Courts have upheld many instances of “ceremonial deism” using this same rationale. Government prayers, “In God We Trust” as a motto, “One Nation Under God” in the pledge, are no longer religious because “any religious freight the words may have been meant to carry originally has long since been lost.” Put another way, these have “lost through rote repetition any significant religious content.” A fuller list follows this article. (While we’re on the subject, let’s agree that “In God We Trust” cannot be ceremonial deism. One doesn’t trust in a deistic god that plays no role in this world, one trusts in a theistic god that does. Ceremonial theism is the more appropriate term.)

In a government where state and church are walled off from one another, federal courts have basically declared that entrusting this world to god is not religious. Imagine for a moment if the courts had declared that John 3:16 or praying the rosary had “no theological or ritualistic” importance because it had been so often repeated. The Religious Right would have had a collective stroke, and rightfully so.

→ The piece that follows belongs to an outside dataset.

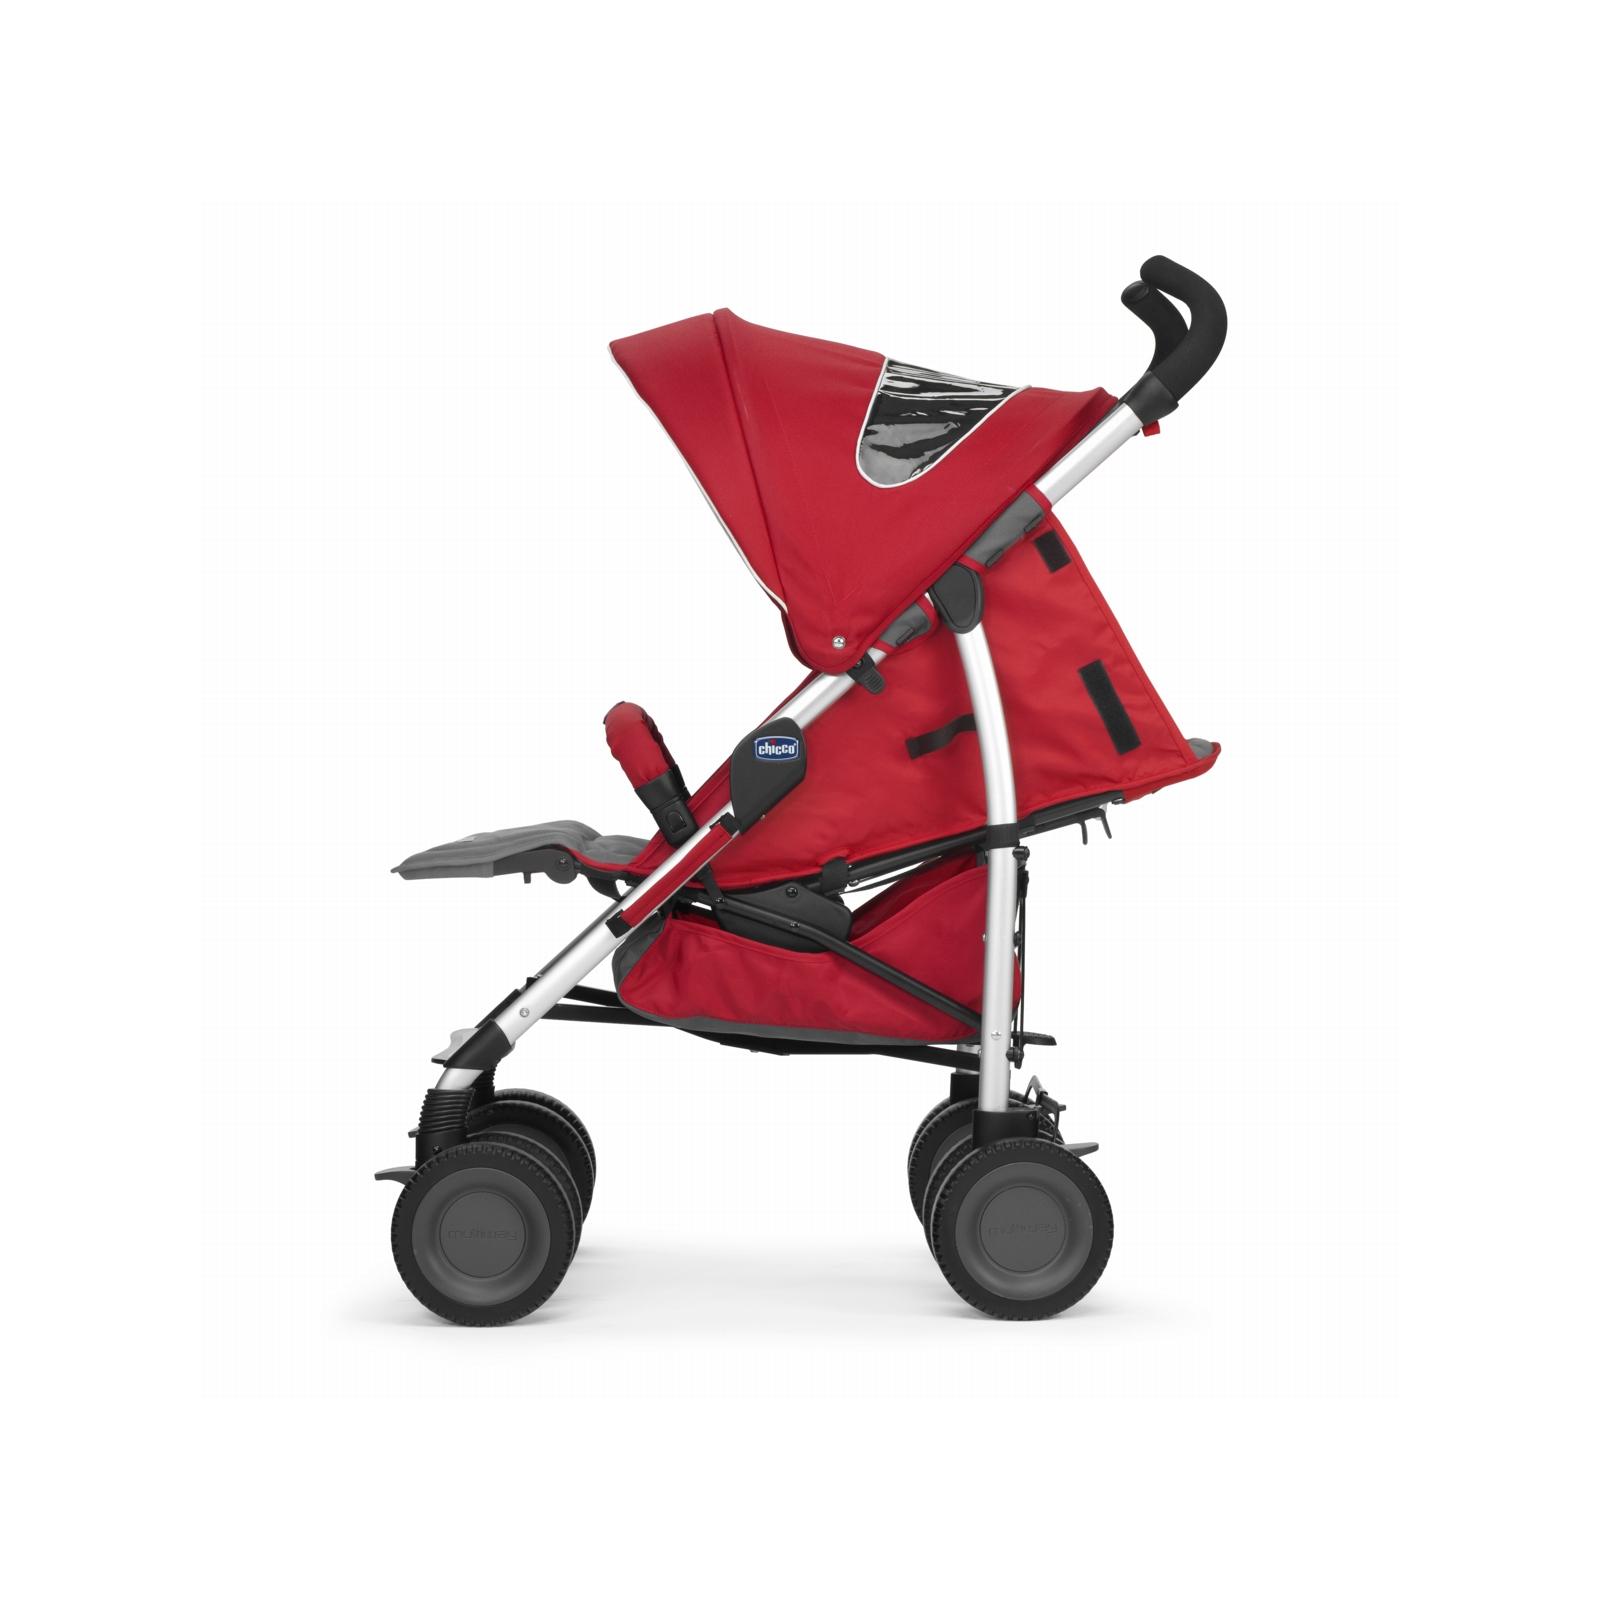 Коляска Chicco Multiway Evo Stroller Red (79315.70) изображение 4

What American Christian would let a court declare that his or her god is not religious or that trusting in this god is not a religious declaration? Where are Liberty Counsel, Liberty Institute, Alliance Defending Freedom, Beckett Fund, Thomas More Law Center, Todd Starnes, Bill O’Reilly, and the rest of the usual suspects with their claims of religious persecution when no less than nine federal courts have said that trusting in god is not religious?

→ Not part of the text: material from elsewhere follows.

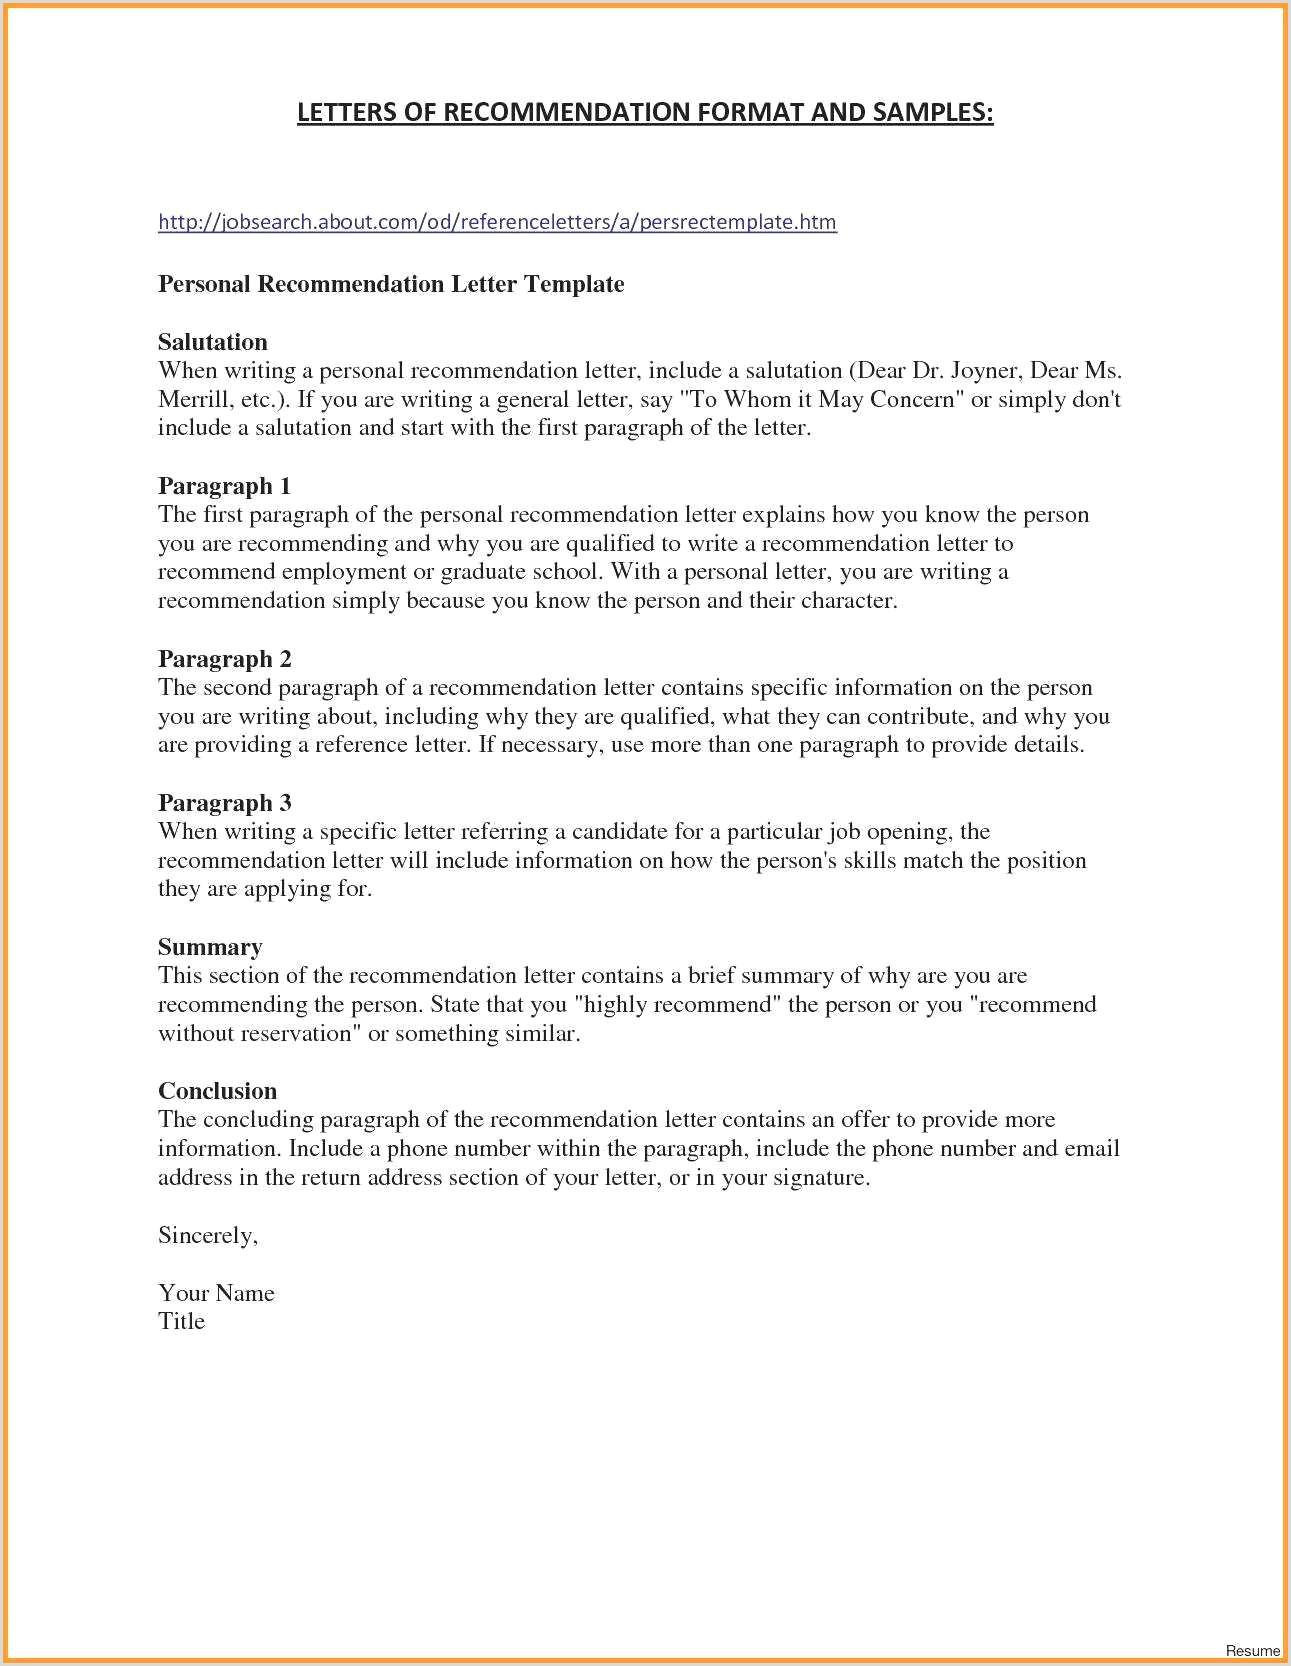 Resume Personal Statement New Typing Fresh Beautiful

And therein lies the hypocrisy. Christianity benefits when the federal courts declare that “In God We Trust” is not religious, since this allows godly office-holders to use their public office to promote their personal religious agenda. Religious Right groups and activists are perfectly willing to let the government desecrate their religion so long as it also allows them to promote their religion.

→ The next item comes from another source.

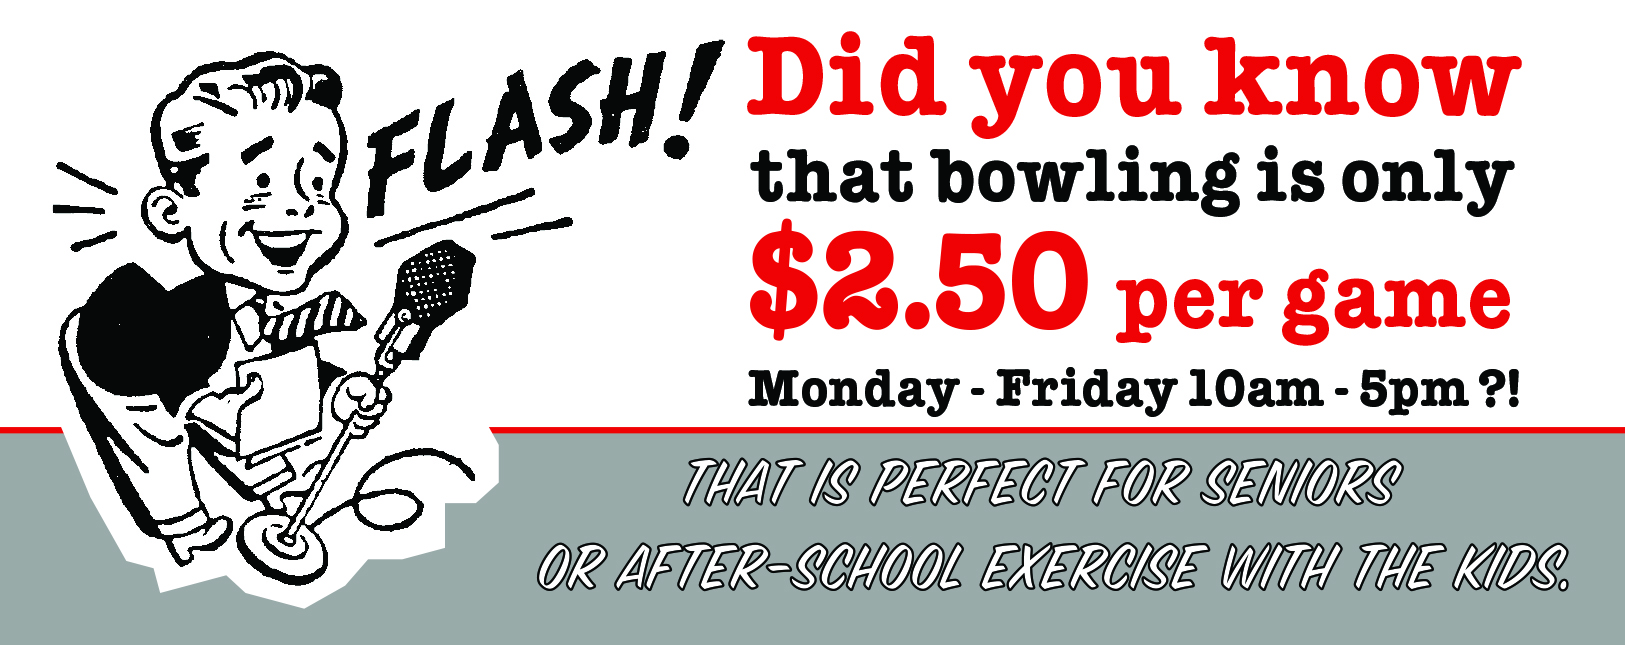 $2.50 Bowling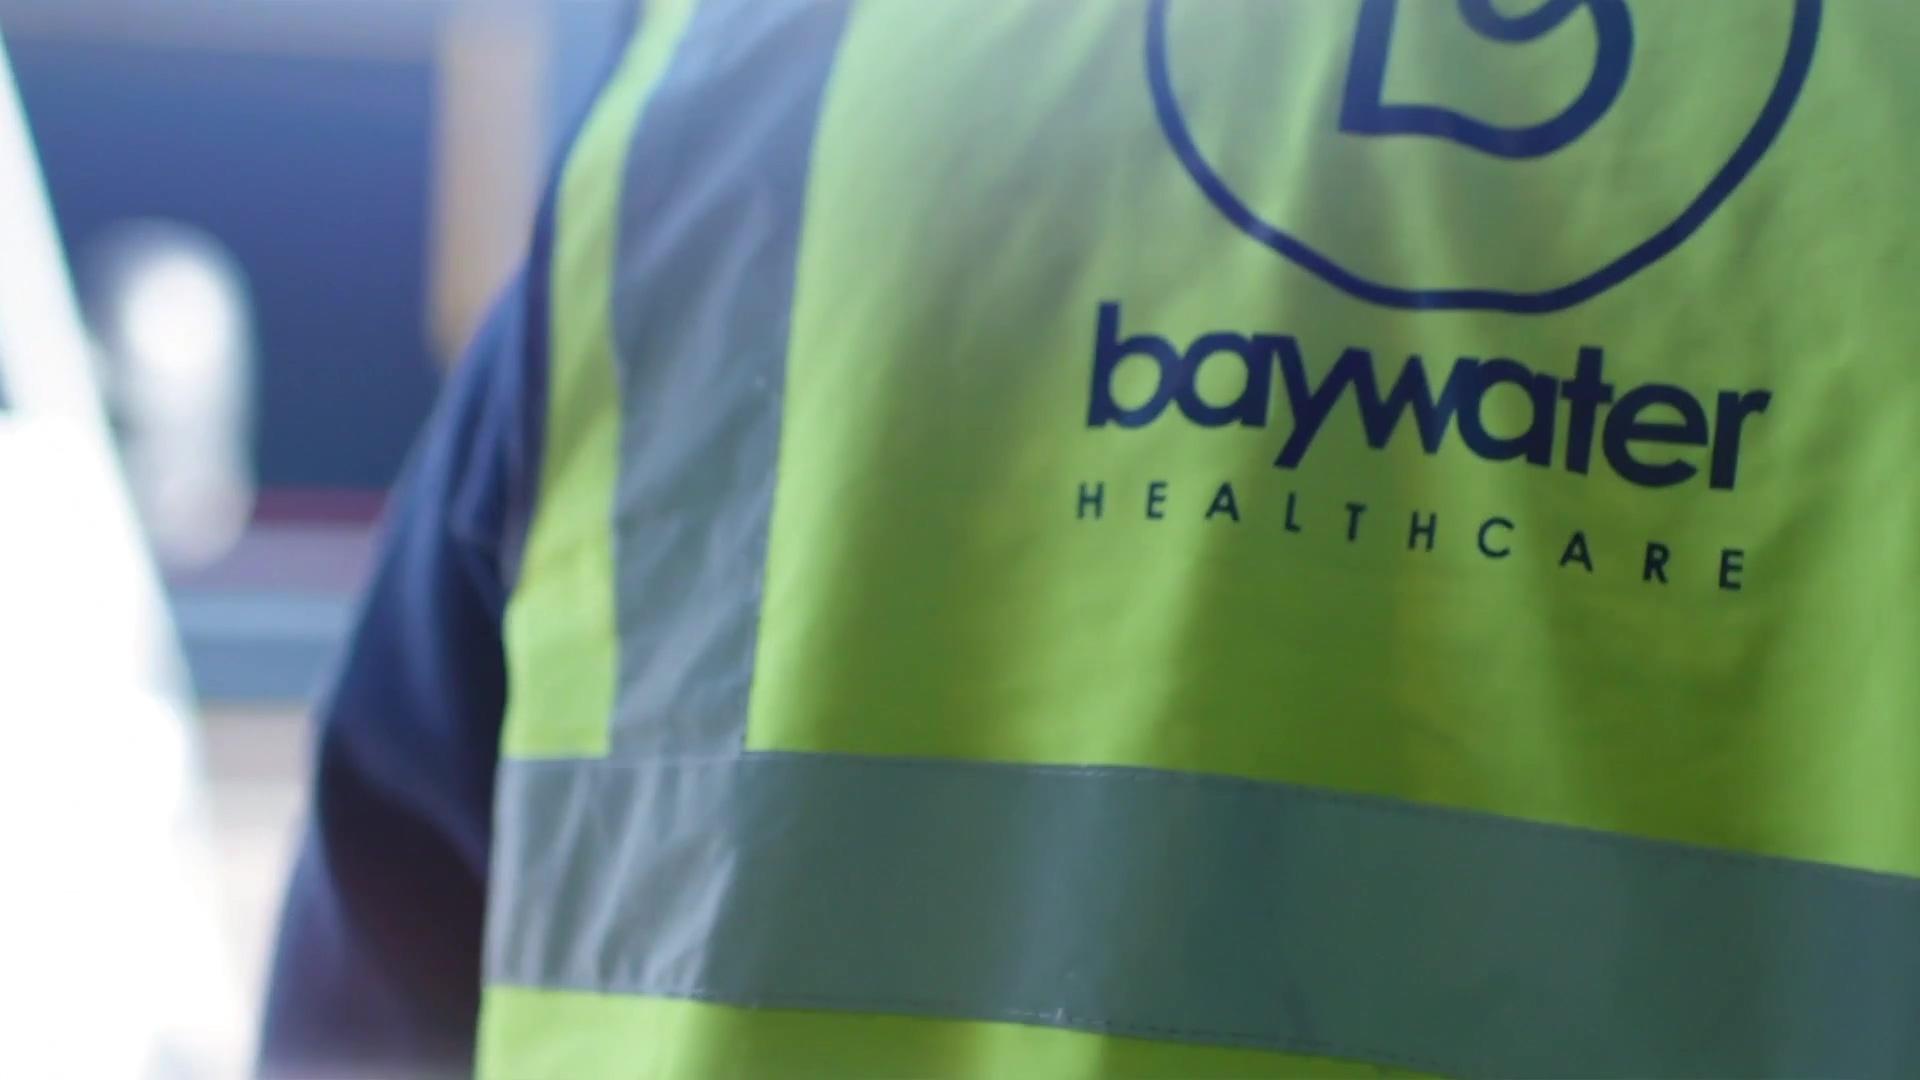 Marketing Matters - Baywater Healthcare_SA

So whenever you see “In God We Trust” cut into coin, engraved on a government building, or stuck on a police car know that it is nothing more than a monument to religious hypocrisy.

 

Here are some of the quotes from courts about this supposedly nonreligious religious slogan:

  • “It is quite obvious that the national motto and the slogan on coinage and currency ‘In God We Trust’ has nothing whatsoever to do with the establishment of religion. Its use is of a patriotic or ceremonial character and bears no true resemblance to a governmental sponsorship of a religious exercise.” Aronow v. United States, 432 F.2d 242, 243 (9th Cir. 1970).
  • “It is not easy to discern any religious significance attendant the payment of a bill with coin or currency on which has been imprinted ‘In God We Trust’ or the study of a government publication or document bearing that slogan. In fact, such secular uses of the motto was viewed as sacrilegious and irreverent by President Theodore Roosevelt. Yet, Congress has directed such uses. While ‘ceremonial’ and ‘patriotic’ may not be particularly apt words to describe the category of the national motto, it is excluded from First Amendment significance because the motto has no theological or ritualistic impact. As stated by the Congressional report, it has ‘spiritual and psychological value’ and ‘inspirational quality.’” Aronow v. United States, 432 F.2d 242, 243-44 (9th Cir. 1970)
  • “’In God We Trust’ has nothing whatsoever to do with the establishment of religion. . . . the primary purpose of the slogan was secular; it served a secular ceremonial purpose in the obviously secular function of providing a medium of exchange. As such it is equally clear that the use of the motto on the currency or otherwise does not have a Primary effect of advancing religion.” O’Hair v. Blumenthal, 462 F. Supp. 19, 20 (W.D. Tex. 1978), aff’d sub nom. O’Hair v. Murray, 588 F.2d 1144 (5th Cir. 1979)
  • “The motto’s primary effect is not to advance religion; instead, it is a form of ‘ceremonial deism’ which through historical usage and ubiquity cannot be reasonably understood to convey government approval of religious belief.” Gaylor v. United States, 74 F.3d 214, 216 (10th Cir. 1996)
  • “…a reasonable observer, aware of the purpose, context, and history of the phrase “In God we trust,” would not consider its use or its reproduction on U.S. currency to be an endorsement of religion.” Gaylor v. United States, 74 F.3d 214, 217 (10th Cir. 1996)
  • “Aronow held the national motto is of a ‘patriotic or ceremonial character,’ has no ‘theological or ritualistic impact,’ and does not constitute ‘governmental sponsorship of a religious exercise.’” Newdow v. Lefevre, 598 F.3d 638, 646 (9th Cir. 2010)
  • “The [Supreme] Court’s Justices have distinguished our currency from improper governmental endorsements of religion.” Newdow v. Peterson, 753 F.3d 105, 108 (2d Cir. 2014), denied, 135 S. Ct. 1008, 190 L. Ed. 2d 839 (2015)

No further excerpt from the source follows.